The Nihilist said, 3 months ago
What most politicians need is a short length of rope and a long drop. It’s a recyclable process too…
Angaraian said, 3 months ago
But…. In this case one would use purgatives
simpsonfan2 said, 3 months ago
A lot of gas, a lot of stink, a lot of noise, a lot of paperwork, but very little solid results.
I am describing….
Richard S. Russell said, 3 months ago
Politicians and diapers need to be changed frequently.
And for the same reason.
Jo Clear said, 3 months ago
He was talking about something that makes sense…

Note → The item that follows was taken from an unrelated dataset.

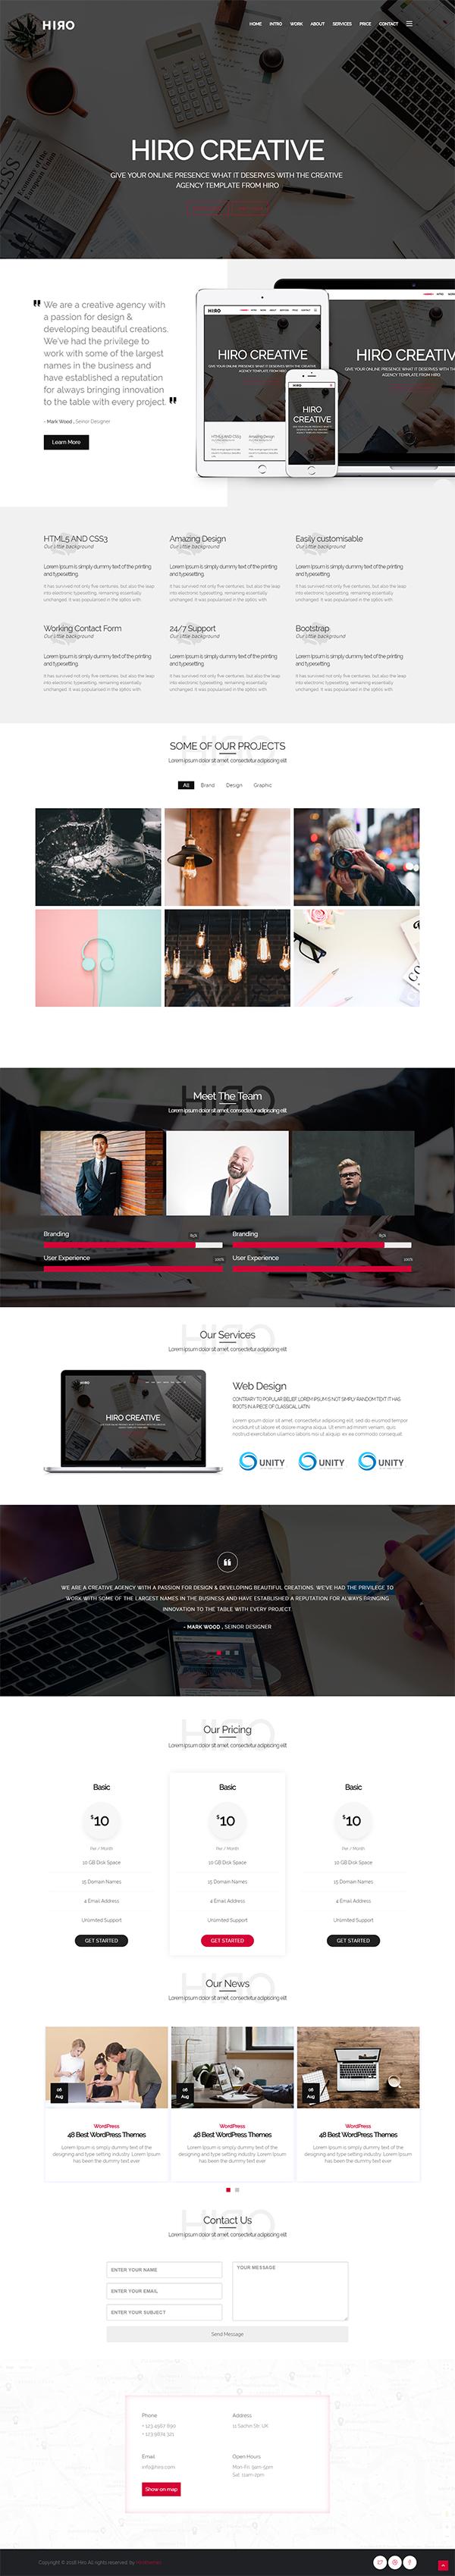 Hiro - Creative agency HTML5 Template
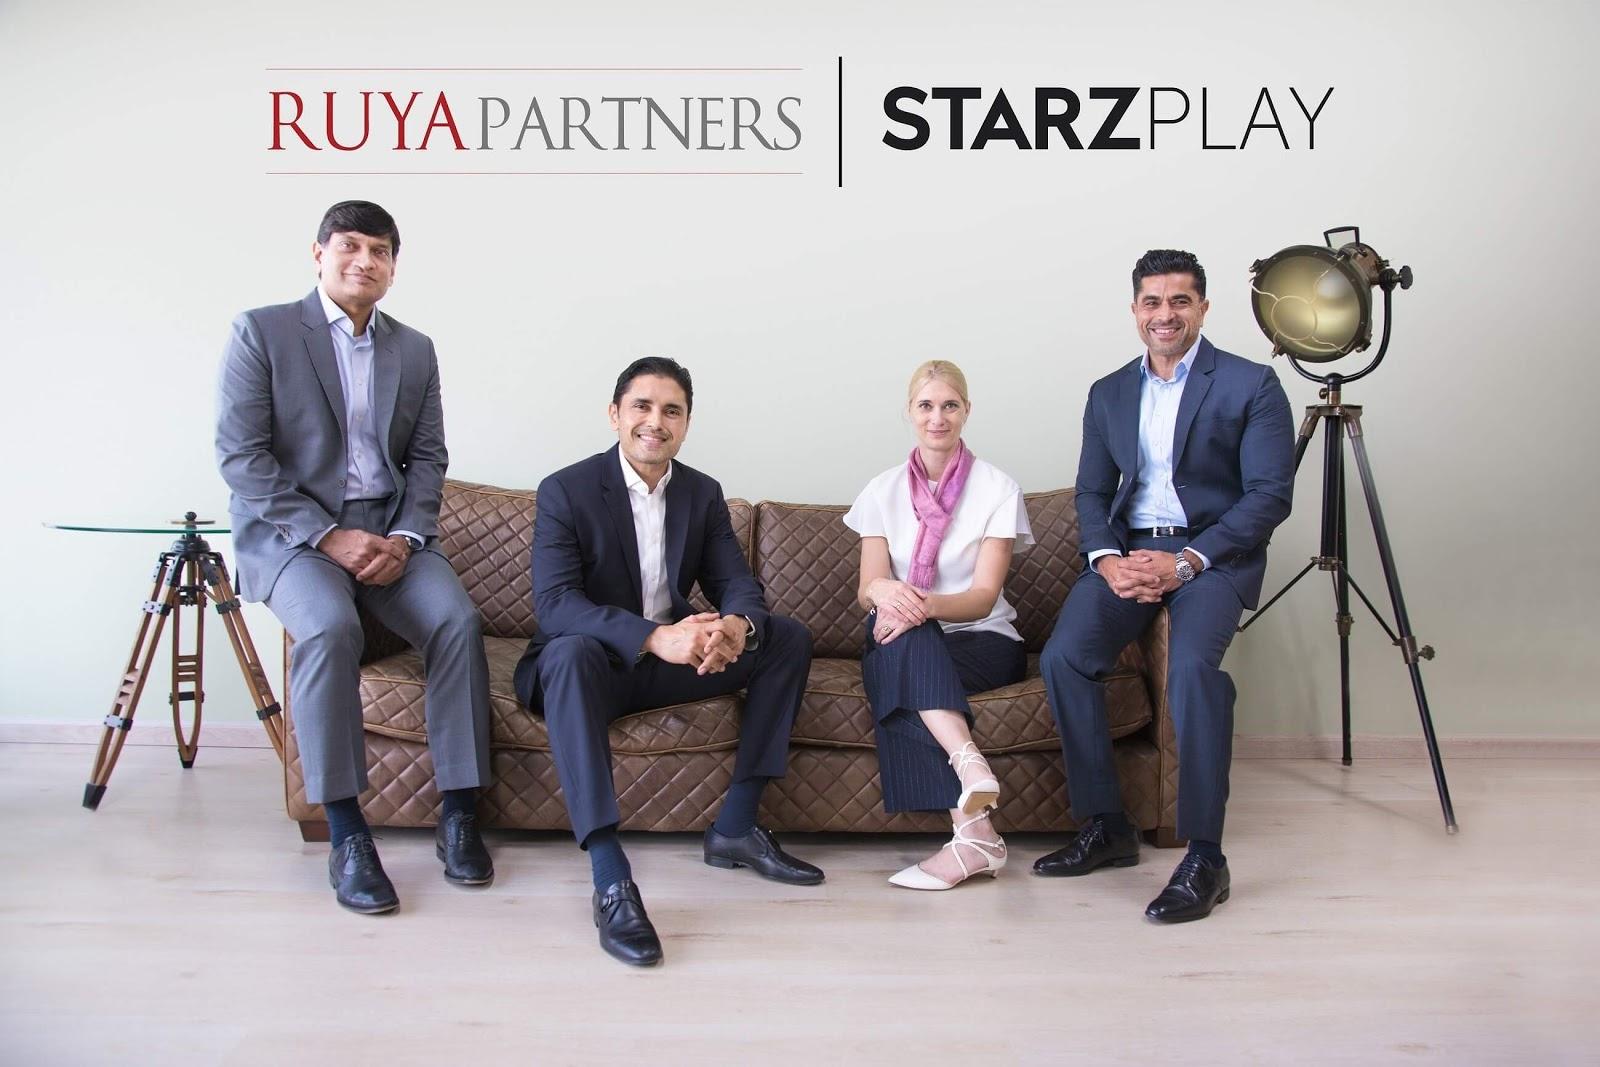 starzplay-first-debt-financing-usd-25-million

Night-Gaunt49 said, 3 months ago
The way things are gummed up with need laxatives to unblock Congress.
masterskrain said, 3 months ago
Oh Crap…I can’t WAIT to see some of the comments today!
Like people pointing out the fact that the boner’s name is “John”…
Bruno Zeigerts said, 3 months ago
Politics and laxatives … different processes… same results.
Gaijinrabbit said, 3 months ago
But isn’t the problem everybody else’s constipolitician and not the one you voted in?
masterskrain said, 3 months ago
@Bruno Zeigerts
Yeah, but politics usually stinks more in the end…
Thirdguy said, 3 months ago
What would you call it when one side gets elected, and instead of obeying the Oath of Office, it obeys an oath it took to some other person, and does his business instead of the peoples. It used to be called treason.
nufalready said, 3 months ago
That’s exactly what Congress needs. An enema. Clean out all the BS. Enough to fertilize every farm in Idaho.